◆ **SOURCE RECORDS**:
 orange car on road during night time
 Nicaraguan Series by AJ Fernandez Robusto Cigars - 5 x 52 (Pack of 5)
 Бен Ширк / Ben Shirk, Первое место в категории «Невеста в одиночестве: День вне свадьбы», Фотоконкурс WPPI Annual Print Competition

...

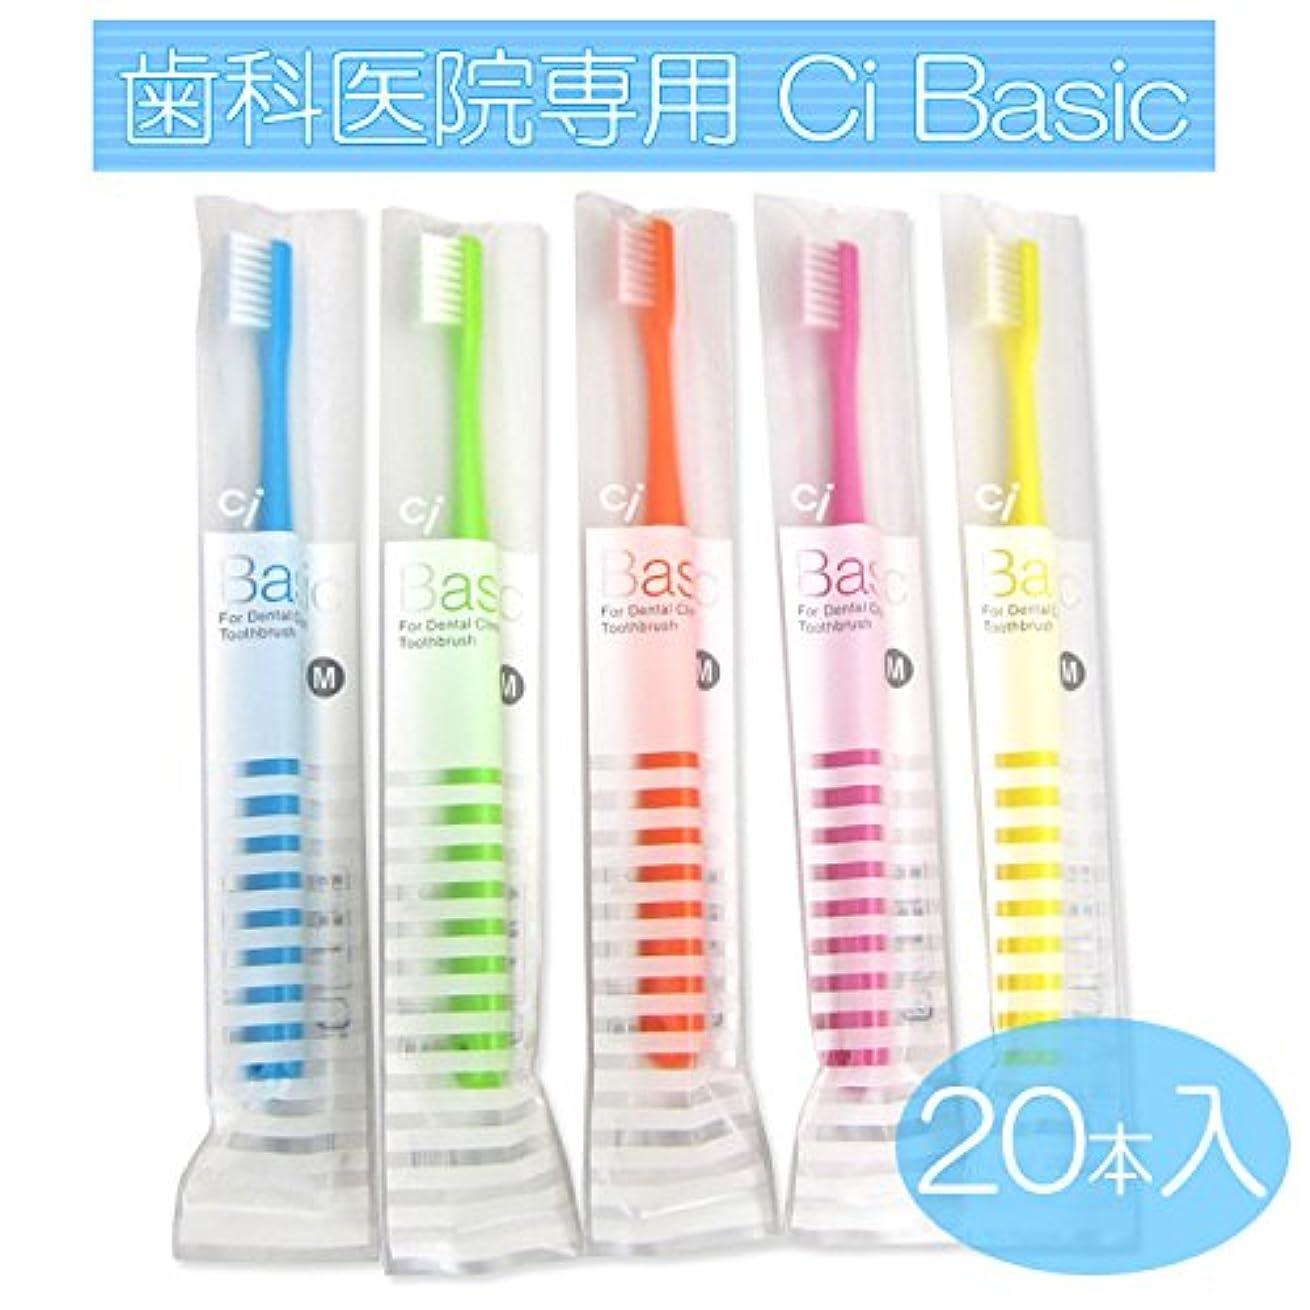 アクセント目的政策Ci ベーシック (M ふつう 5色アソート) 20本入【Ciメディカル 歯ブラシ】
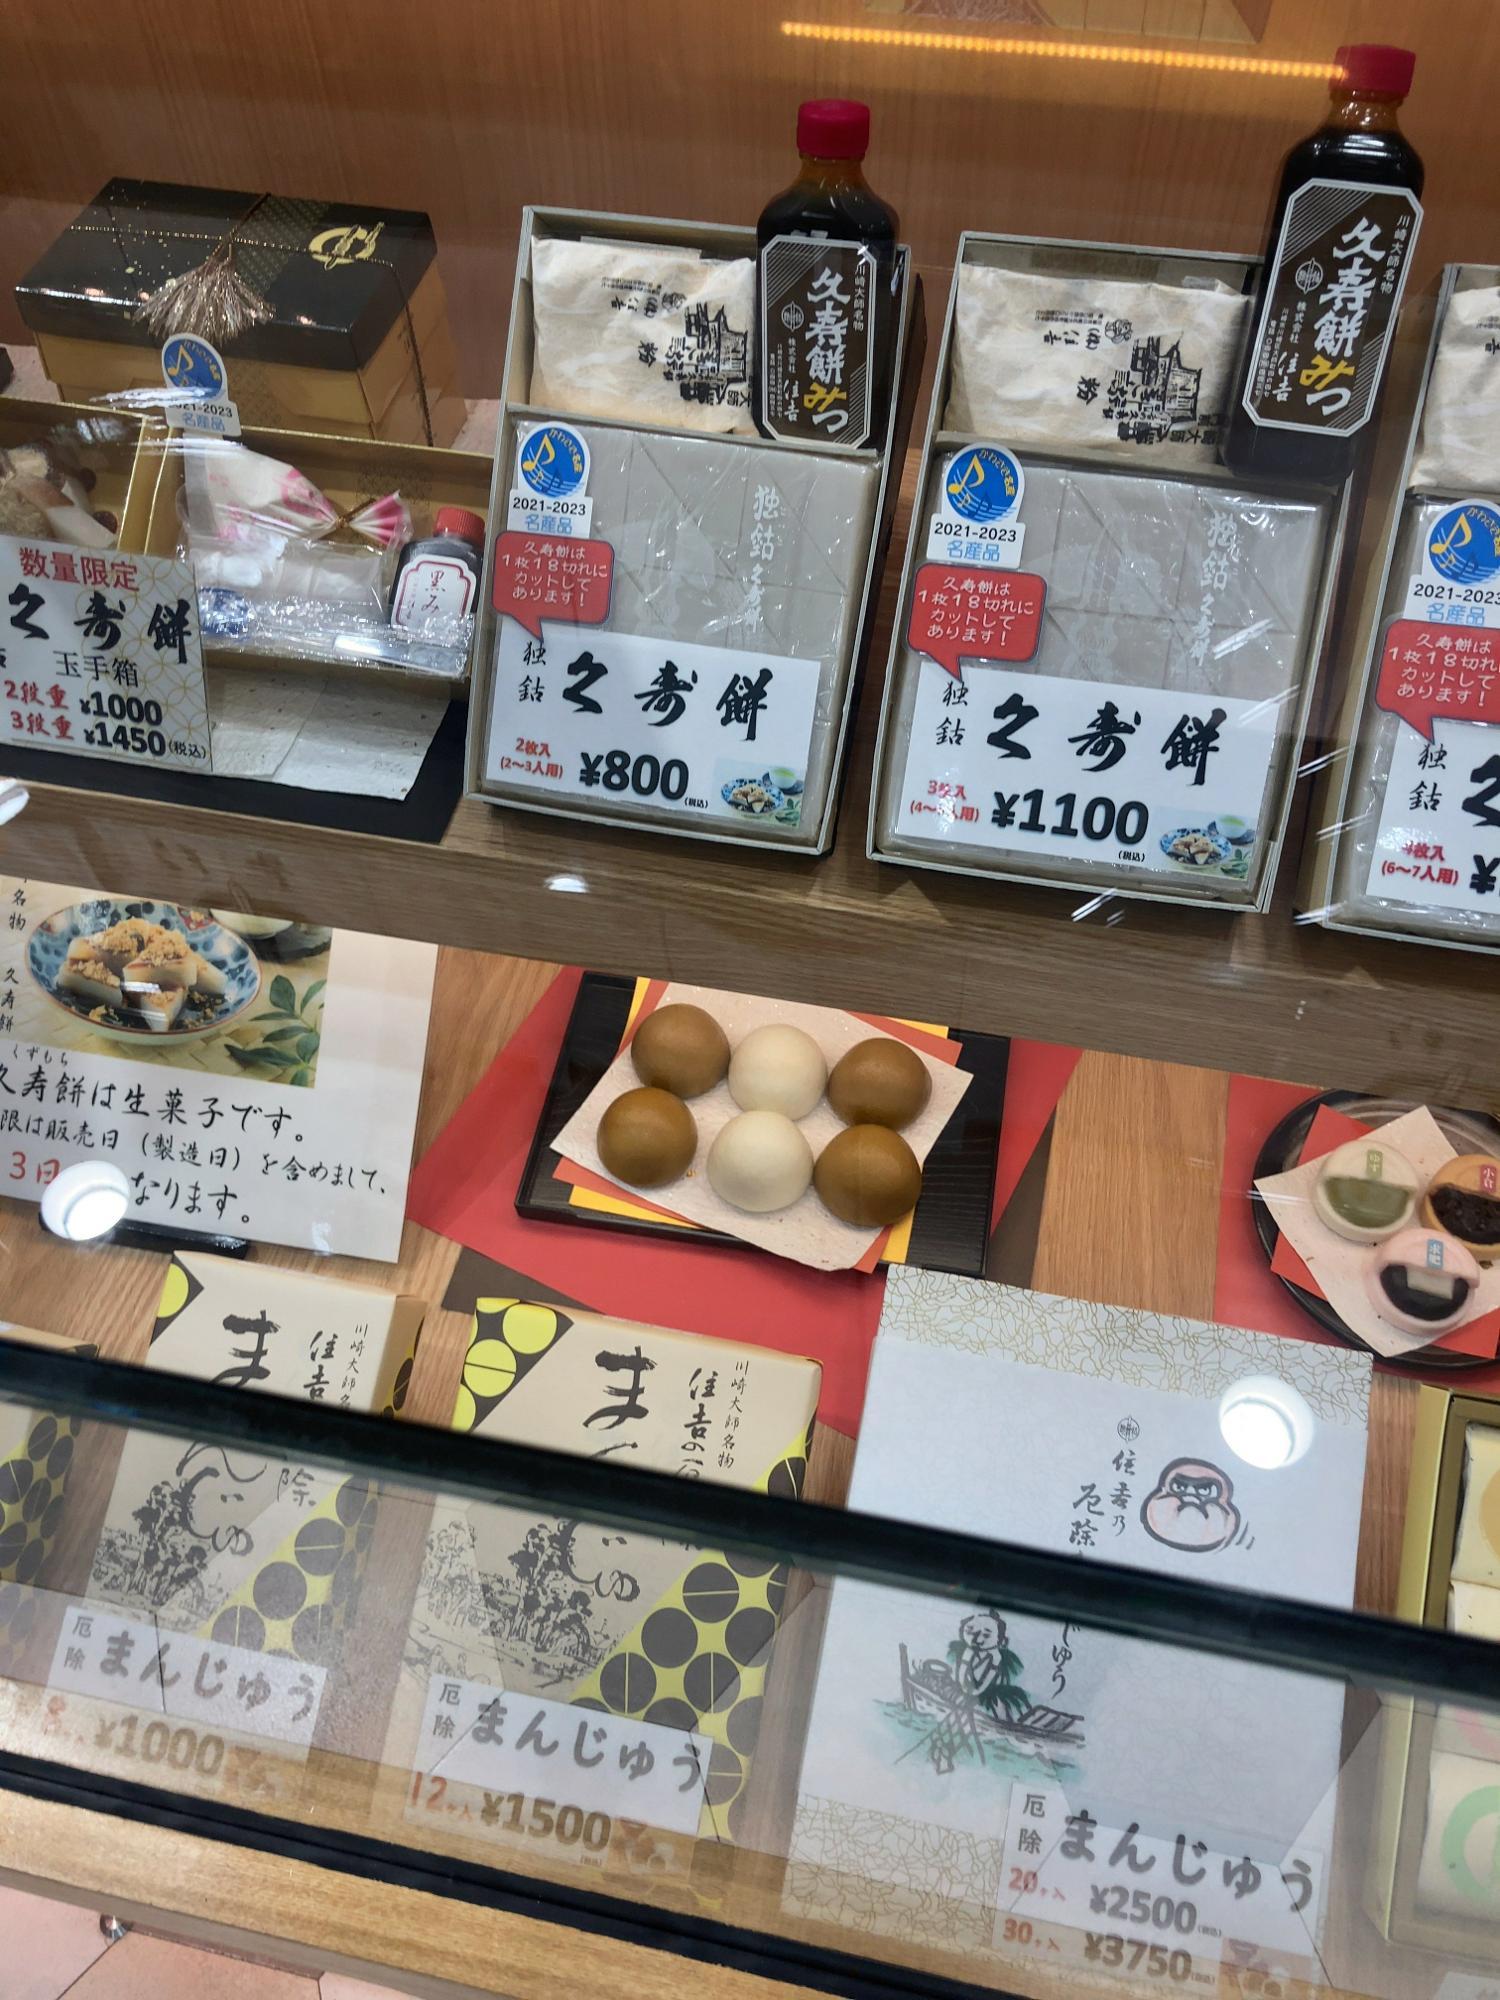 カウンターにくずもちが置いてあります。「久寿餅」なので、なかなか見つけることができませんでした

---

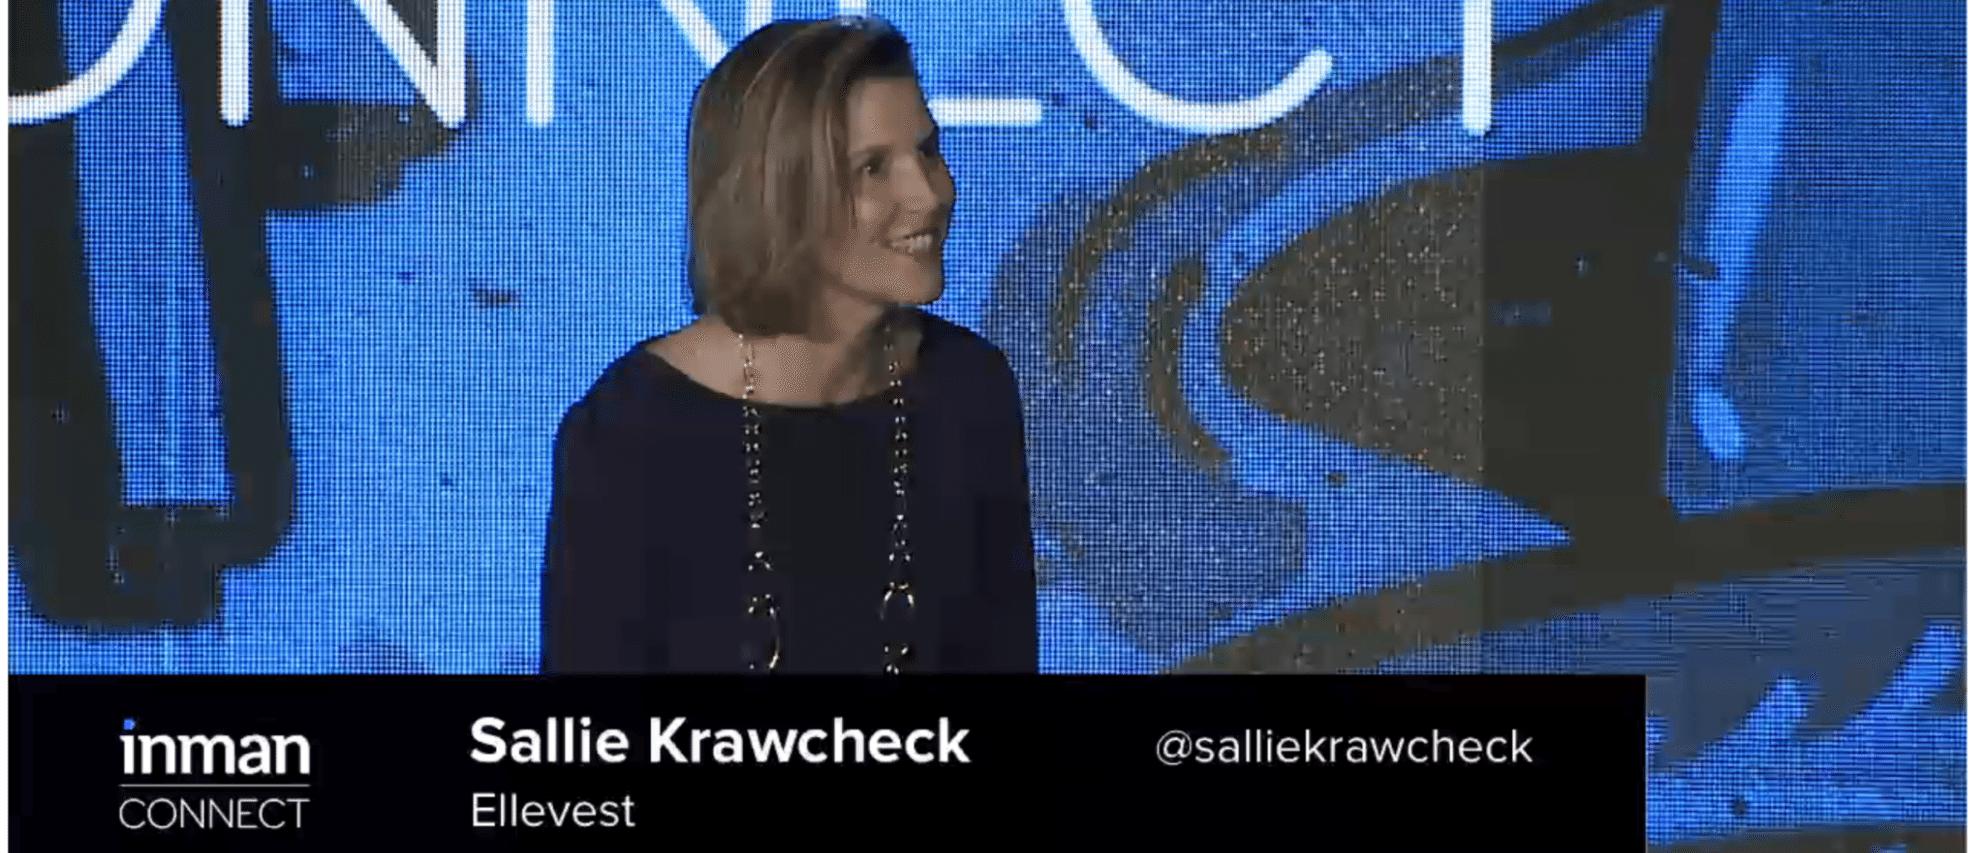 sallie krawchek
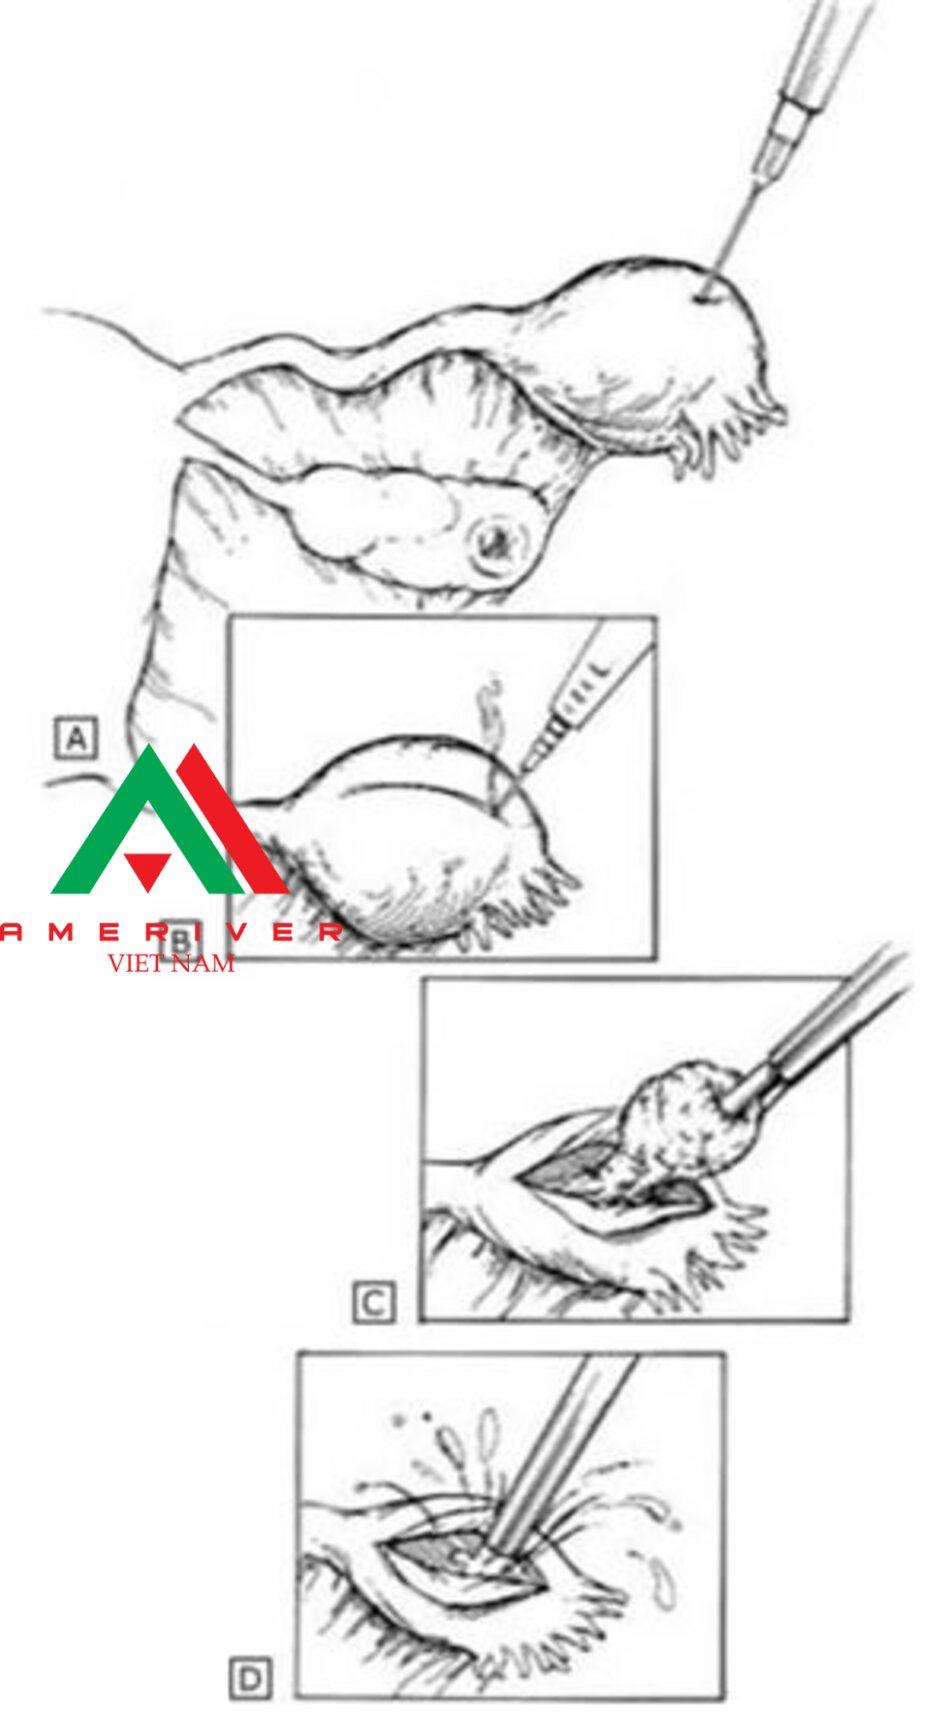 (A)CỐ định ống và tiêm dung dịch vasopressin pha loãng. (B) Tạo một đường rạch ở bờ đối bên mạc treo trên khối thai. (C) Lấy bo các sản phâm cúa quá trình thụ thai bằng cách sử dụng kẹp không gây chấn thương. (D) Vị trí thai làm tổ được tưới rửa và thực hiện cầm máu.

◆ **WHAT TO WORK ON**:
Would you copy, unchanged, the stretch of the records above that begins at the line containing "orange car on road during night time" and ends at the line containing "Бен Ширк / Ben", and only that?

◆ **PROBLEM SOLUTION**:
 orange car on road during night time
 Nicaraguan Series by AJ Fernandez Robusto Cigars - 5 x 52 (Pack of 5)
 Бен Ширк / Ben Shirk, Первое место в категории «Невеста в одиночестве: День вне свадьбы», Фотоконкурс WPPI Annual Print Competition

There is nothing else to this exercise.